== Segment start ==

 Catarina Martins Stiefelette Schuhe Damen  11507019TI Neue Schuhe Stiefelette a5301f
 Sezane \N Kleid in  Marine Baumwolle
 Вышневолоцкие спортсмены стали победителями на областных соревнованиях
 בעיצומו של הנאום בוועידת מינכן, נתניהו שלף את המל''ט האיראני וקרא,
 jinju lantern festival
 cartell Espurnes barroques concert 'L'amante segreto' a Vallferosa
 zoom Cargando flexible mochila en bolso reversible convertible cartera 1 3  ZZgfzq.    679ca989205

== Segment end ==

Restate every entry word for word.

 Catarina Martins Stiefelette Schuhe Damen  11507019TI Neue Schuhe Stiefelette a5301f
 Sezane \N Kleid in  Marine Baumwolle
 Вышневолоцкие спортсмены стали победителями на областных соревнованиях
 בעיצומו של הנאום בוועידת מינכן, נתניהו שלף את המל''ט האיראני וקרא,
 jinju lantern festival
 cartell Espurnes barroques concert 'L'amante segreto' a Vallferosa
 zoom Cargando flexible mochila en bolso reversible convertible cartera 1 3  ZZgfzq.    679ca989205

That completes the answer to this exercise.